Sue Leslie is the owner and head trainer of Sue Leslie Stables at Woodbine Racetrack in Toronto. She was photographed at the track on April 29, 2011 for a story about some of the most powerful women in Canadian sport. (Photo by Peter Power/The Globe and Mail)Peter Power/The Globe and Mail
Sue Leslie is queen of all she surveys in her office on the Woodbine Racetrack backstretch, where an old fridge shudders occasionally, and the e-mails never stop.
It's the e-mails that tell the tale of the woman.
They come from everywhere and they suggest that Leslie is an intelligent, powerful force in the racing industry, wearing half a dozen important hats in a world that was at one time a domain of men. It is, after all, called the sport of kings.
Not any more.
There was a time 40 years ago when male jockeys would boycott races if women tried to ride against them and women weren't allowed on the backstretch after dark. There was a time not really all that long ago when female trainers couldn't attract clients, despite good records.
Saturday, Anna Rose (Rosie) Napravnik is to became just the sixth female jockey to ride in the Kentucky Derby. Emma Jayne Wilson became the first female jockey to win the Queen's Plate only four years ago, the same year that Catharine Day Phillips became the first female trainer to win the Arlington Million in Chicago. Josie Carroll became the first female trainer to win the Queen's Plate only five years ago, and shrugged off the fact that she was a woman.
"To play the gender card, I think, is taking away from the other trainers in the race who work equally hard and are very talented," she said. When Carroll signed up for an equine studies program at Toronto-based Humber College in 1975, there were just four female trainers with licences in Ontario. Carroll said she's always been treated as an equal.
In her roles as president of the Ontario Horsemen's Benevolent and Protective Association (a horsemen's group), and president of the Ontario Horse Racing Industry Association (an industry lobby group), Leslie has dealt with government, racetrack operators, a fractious horse industry, and veterinarians who give her bad news at the barn. She trains horses for former NHL star Curtis Joseph. Her shedrow is getting smaller as her industry duties become larger.

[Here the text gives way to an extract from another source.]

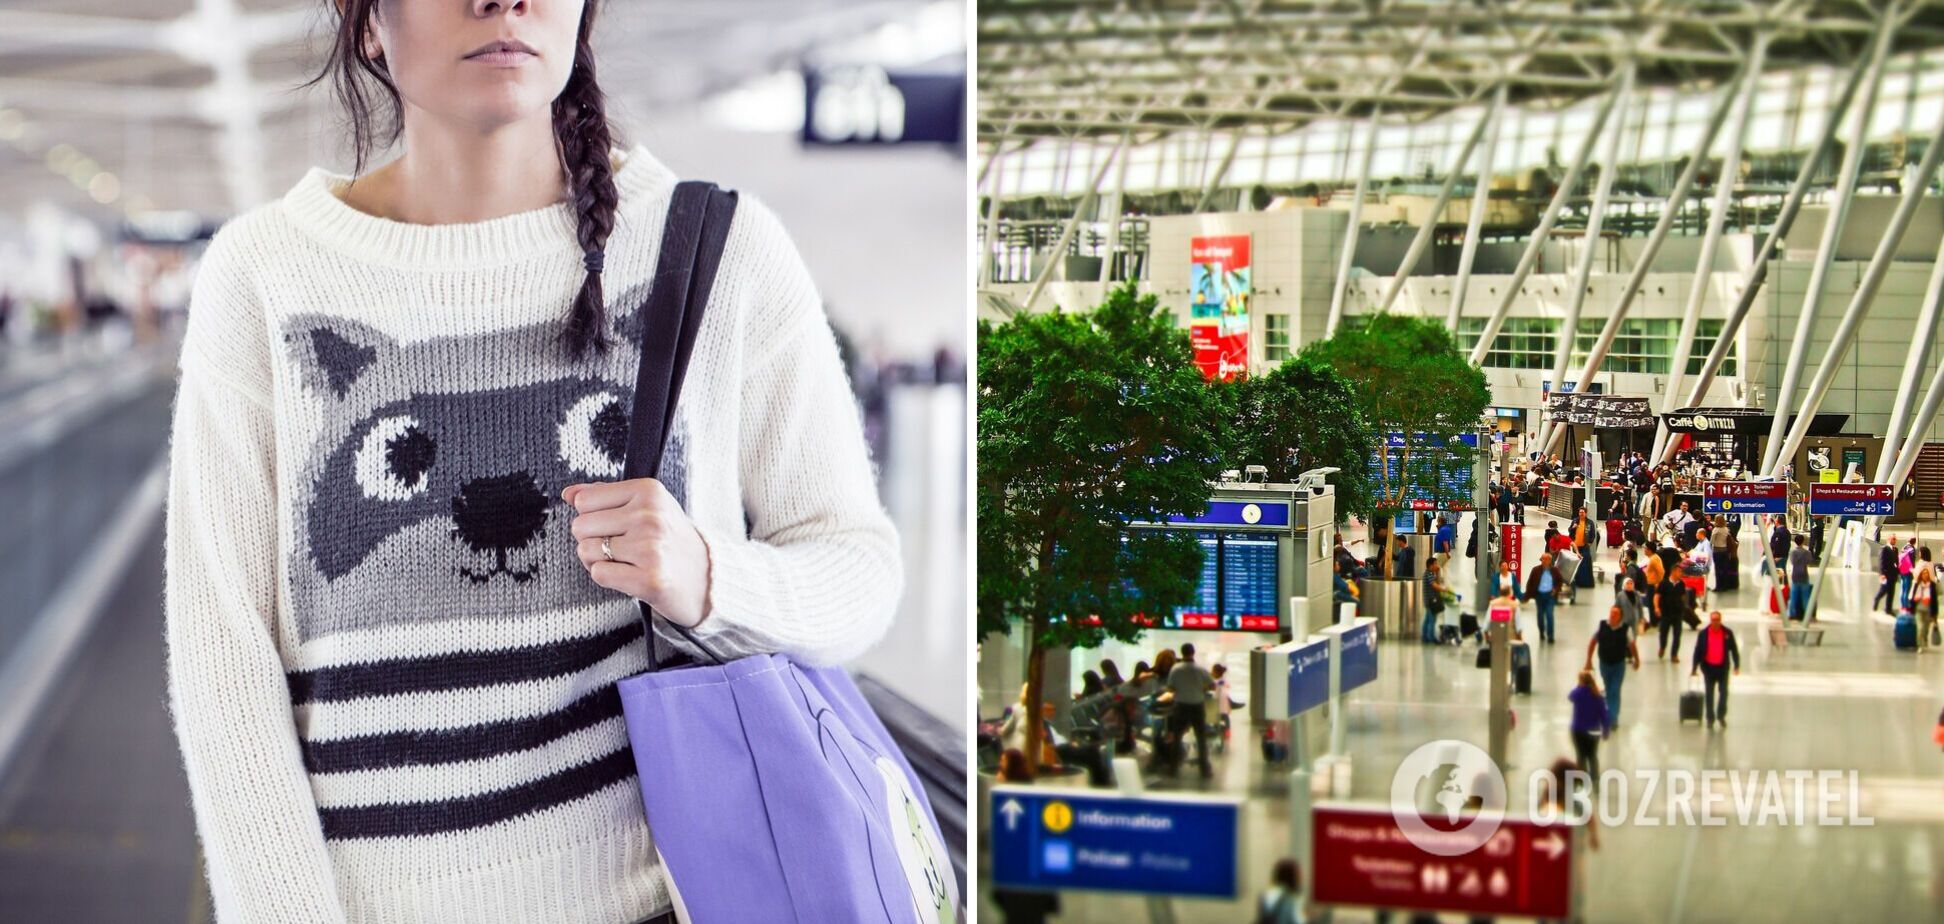 10 частих помилок туристів в аеропорту, які коштують гроші

"I've just at a stage in my life that I don't have any strong outside commitments, outside of my job," Leslie said. "I live on my own, and this industry being what it is, it is very hard to have hobbies like golf, or travel. So it's just the right time and place for me, the stage of my life that I can make the commitment to the industry. It takes a lot of time. I don't begrudge the time."

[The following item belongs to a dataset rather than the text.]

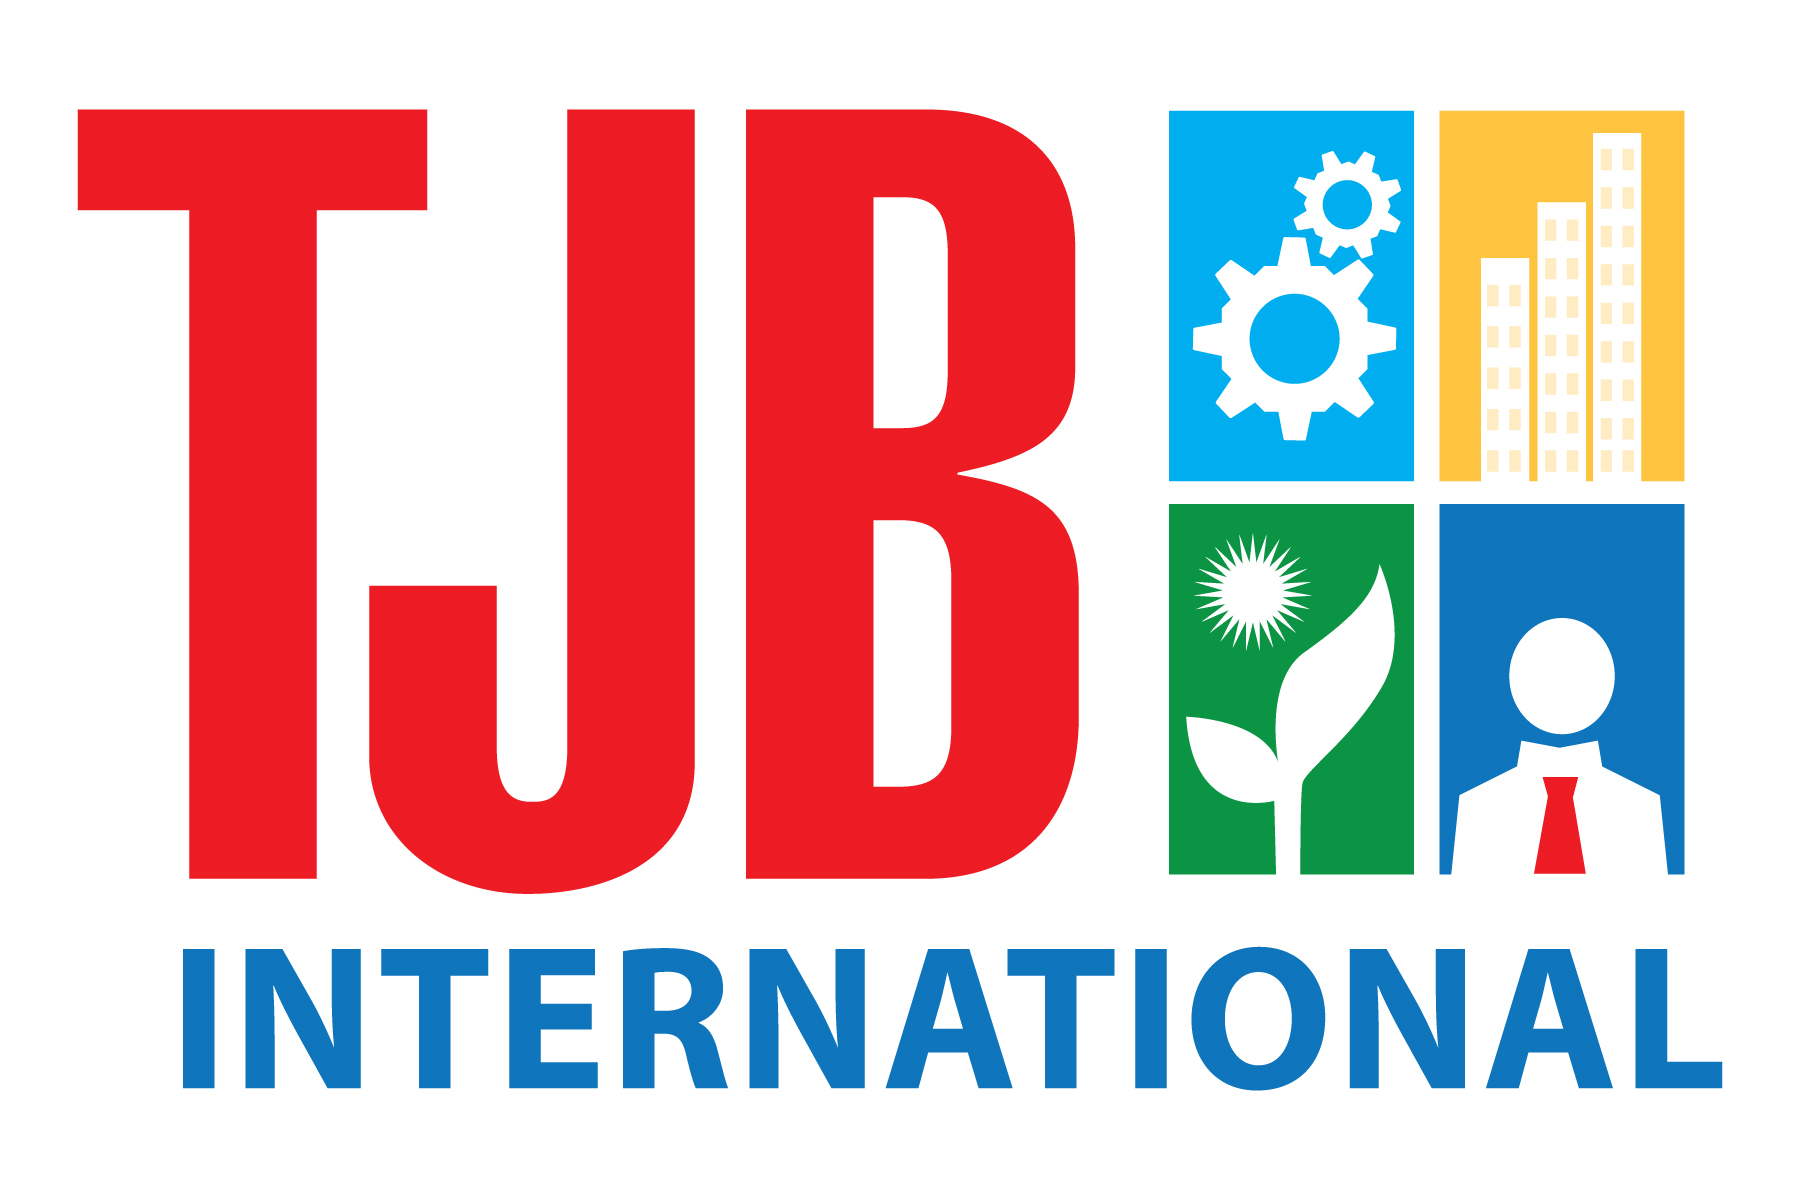 TJB International

Leslie said women bring "a softer side" to issues: how they handle staff, their sentiments toward the horses, and perhaps bring "a calming voice into the boardroom, to issues that are sensitive."
"I think women are a little more willing to take on the sensitive issues that sometimes men would just as soon not talk about," she said.
Jane Holmes, now vice-president of corporate affairs for Woodbine, made a major mark in the racing industry as the founding executive director of OHRIA. She helped engineer a $50-million tax break on wagers for racetracks, and she also helped bring slots in, too.
When she started with OHRIA, the civil servants and politicians referred to the OHRIA group as "the men in racing" because they'd never met women in that group. But she agrees that women have a different way of working than men at the executive level. "We tend to read people's personalities more so than men do," she said. "We watch body language."
Wilson cherishes her historic win in the Queen's Plate, but prefaces her feelings with, "Anyone close to me knows that I don't like getting hung up on the whole female-in-racing thing."
She objects to the feeling that because she's a female rider, her best talents are her finesse as a rider, and the lightness of touch. "I take pride in the fact that I'm one of the most aggressive, strongest riders down the lane out there," the former rugby player said.
"But I can also switch gears as well, and show finesse and be light when it's called for. That's what makes a good jock, is being able to jump between the skills," she said.
In Canada, at least, female jockeys are not a big deal any more, Wilson said. "Been there. Done that." She's currently second in the jockey's standings at Woodbine and hungry for more.